Robust ASR Based on ETSI Advanced Front-End Using Complex Speech Analysis

Keita HIGA  Keiichi FUNAKI  

IEICE TRANSACTIONS on Fundamentals of Electronics, Communications and Computer Sciences   Vol.E98-A   No.11   pp.2211-2219
Publication Date: 2015/11/01
Online ISSN: 1745-1337
DOI: 10.1587/transfun.E98.A.2211
Type of Manuscript: Special Section PAPER (Special Section on Smart Multimedia & Communication Systems)
robust ASR,  ETSI AFE,  iterative Wiener filter (IWF),  complex speech analysis,  analytic signal,  

Full Text: PDF(2.5MB)>>
Buy this Article

The advanced front-end (AFE) for automatic speech recognition (ASR) was standardized by the European Telecommunications Standards Institute (ETSI). The AFE provides speech enhancement realized by an iterative Wiener filter (IWF) in which a smoothed FFT spectrum over adjacent frames is used to design the filter.

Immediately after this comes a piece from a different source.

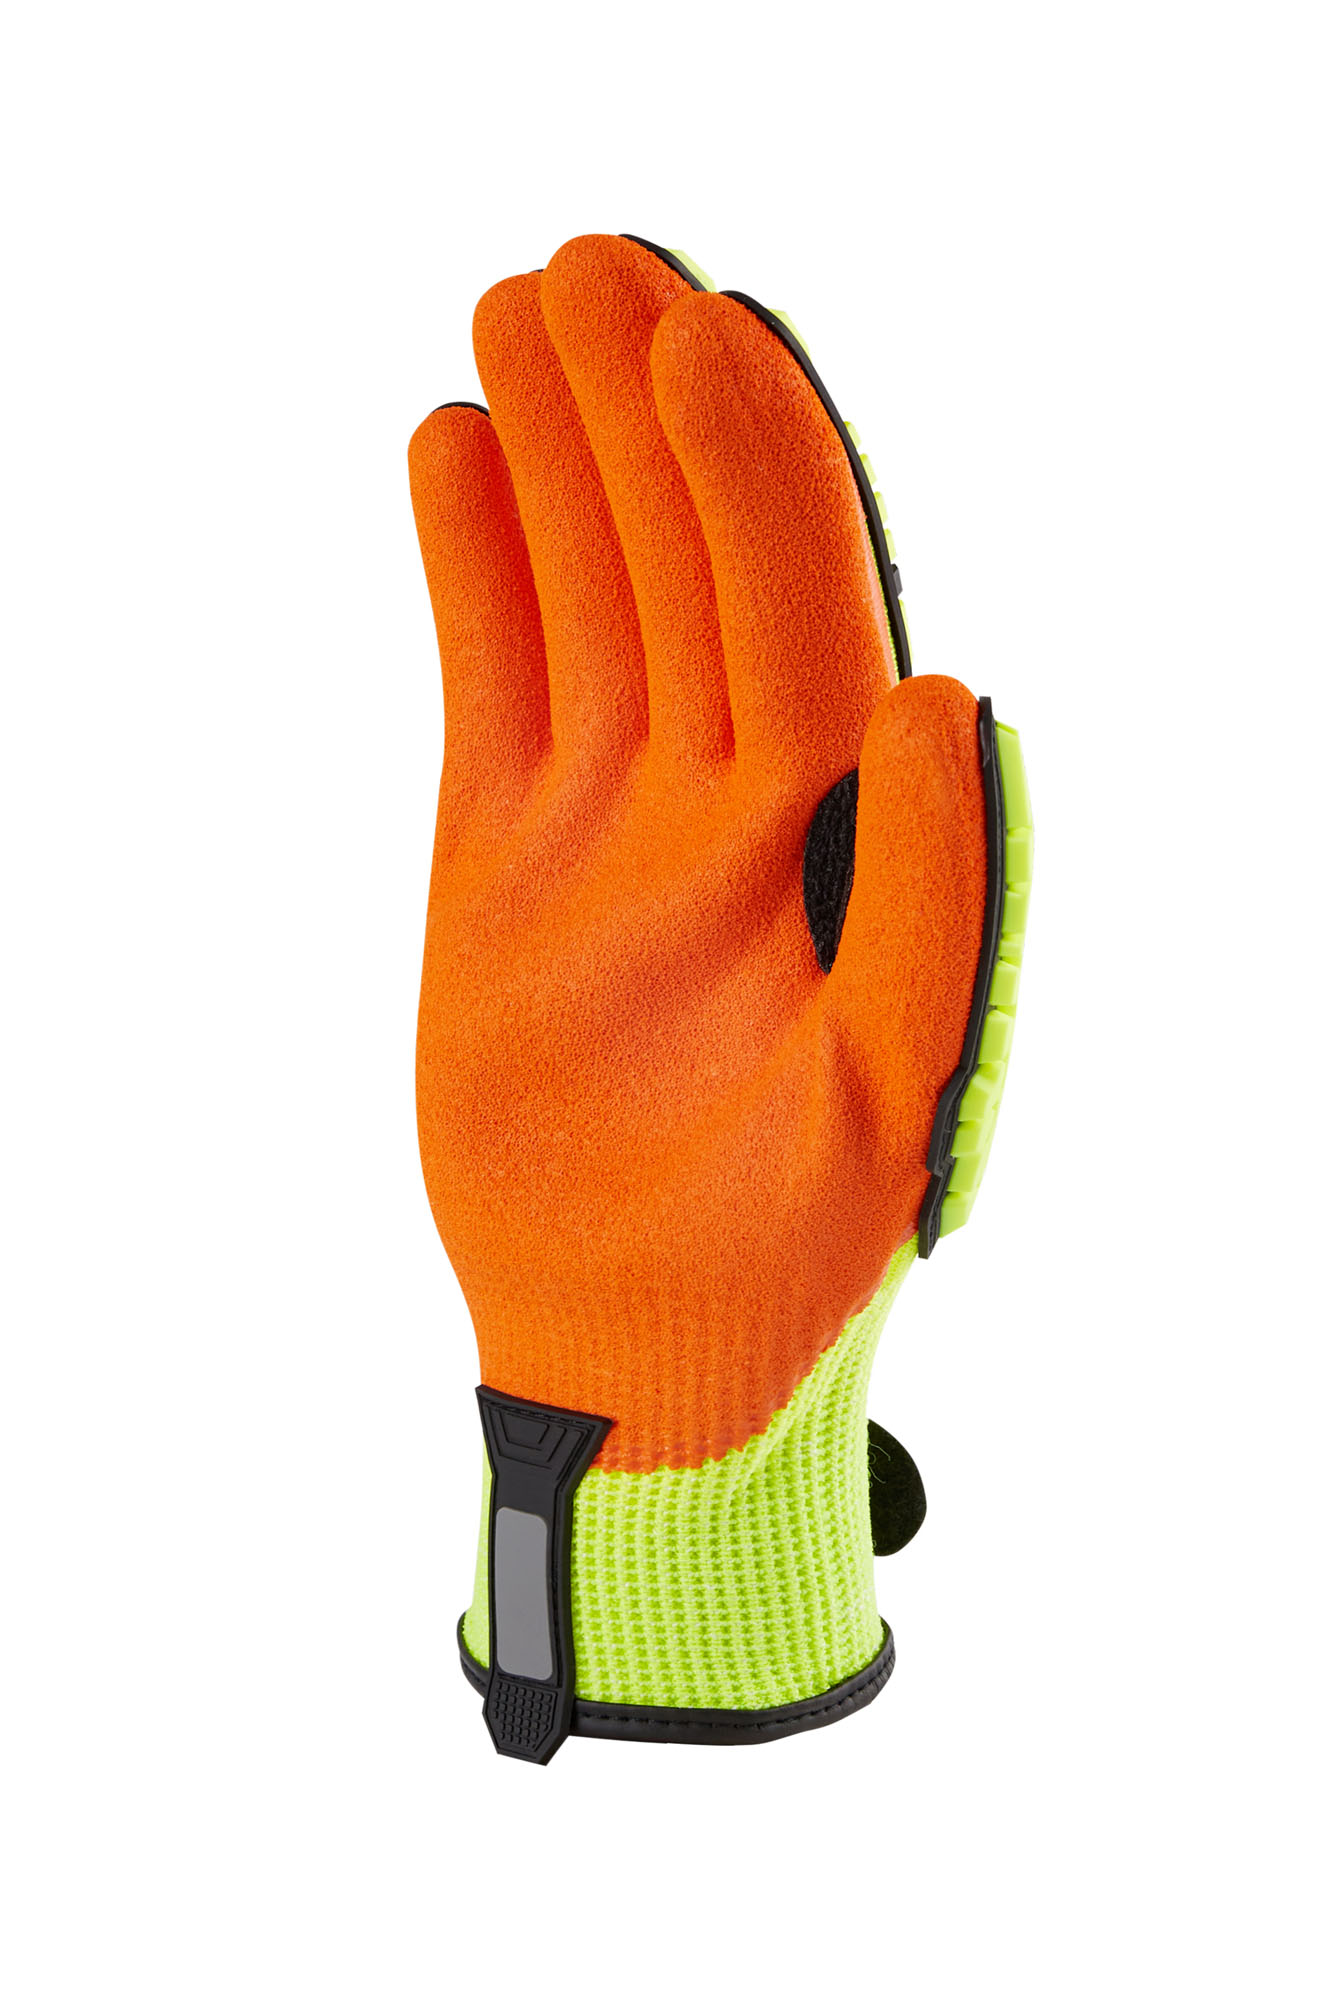 E2 Silicone Dotted Palm Cotton Glove - WorkXwear
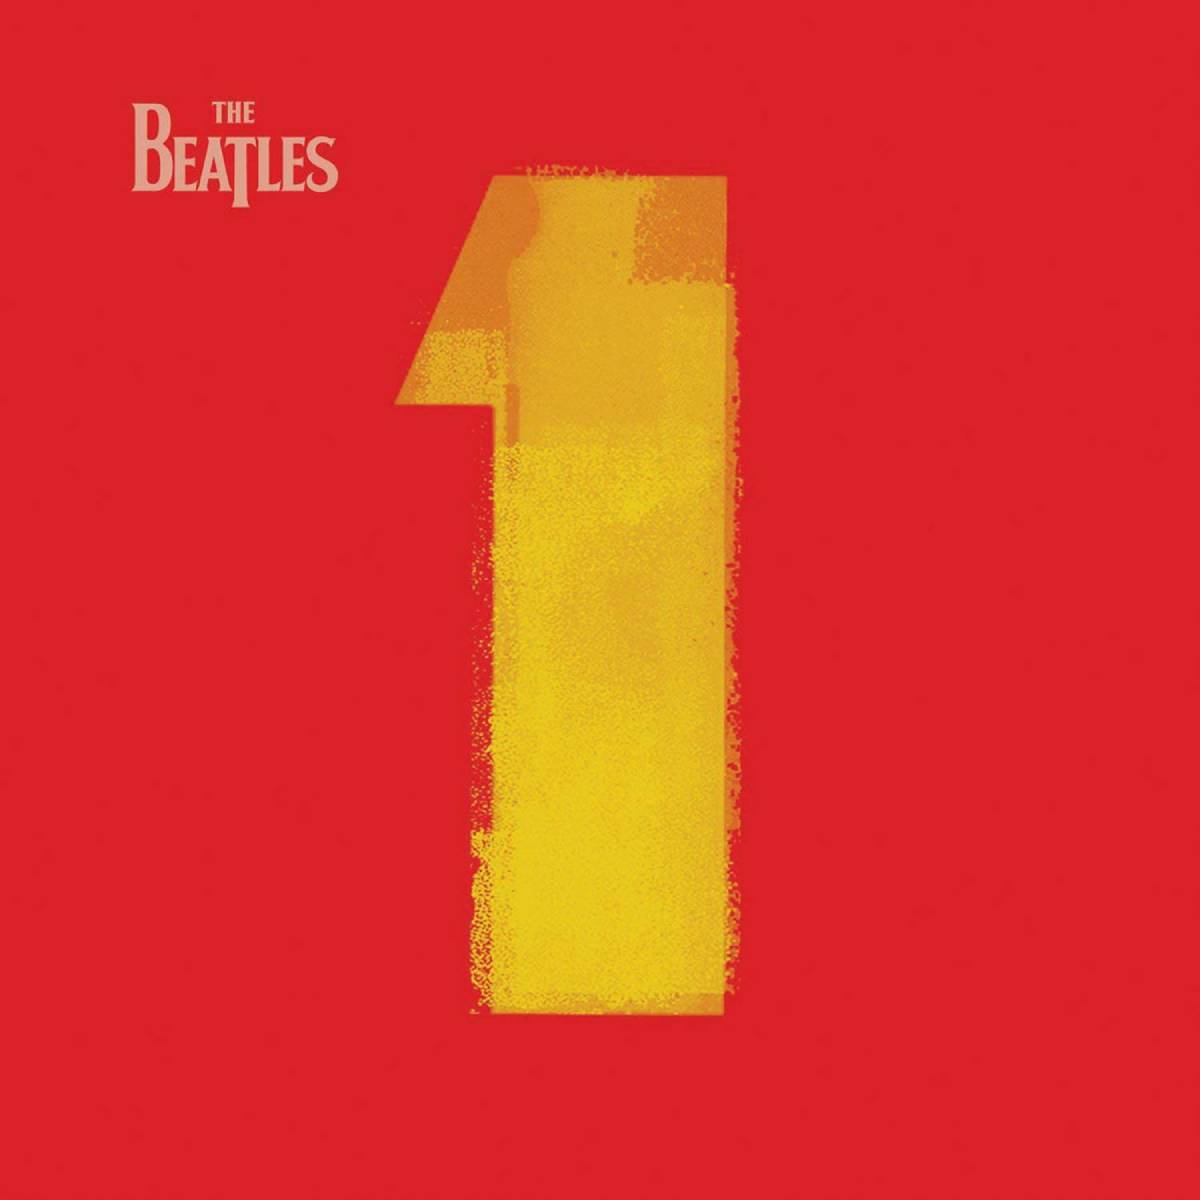 Capa da compilação dos Beatles intitulada "1".

We have previously proposed robust time-varying complex Auto-Regressive (TV-CAR) speech analysis for an analytic signal and evaluated the performance of speech processing such as F0 estimation and speech enhancement. TV-CAR analysis can estimate more accurate spectrum than FFT, especially in low frequencies because of the nature of the analytic signal. In addition, TV-CAR can estimate more accurate speech spectrum against additive noise. In this paper, a time-invariant version of wide-band TV-CAR analysis is introduced to the IWF in the AFE and is evaluated using the CENSREC-2 database and its baseline script.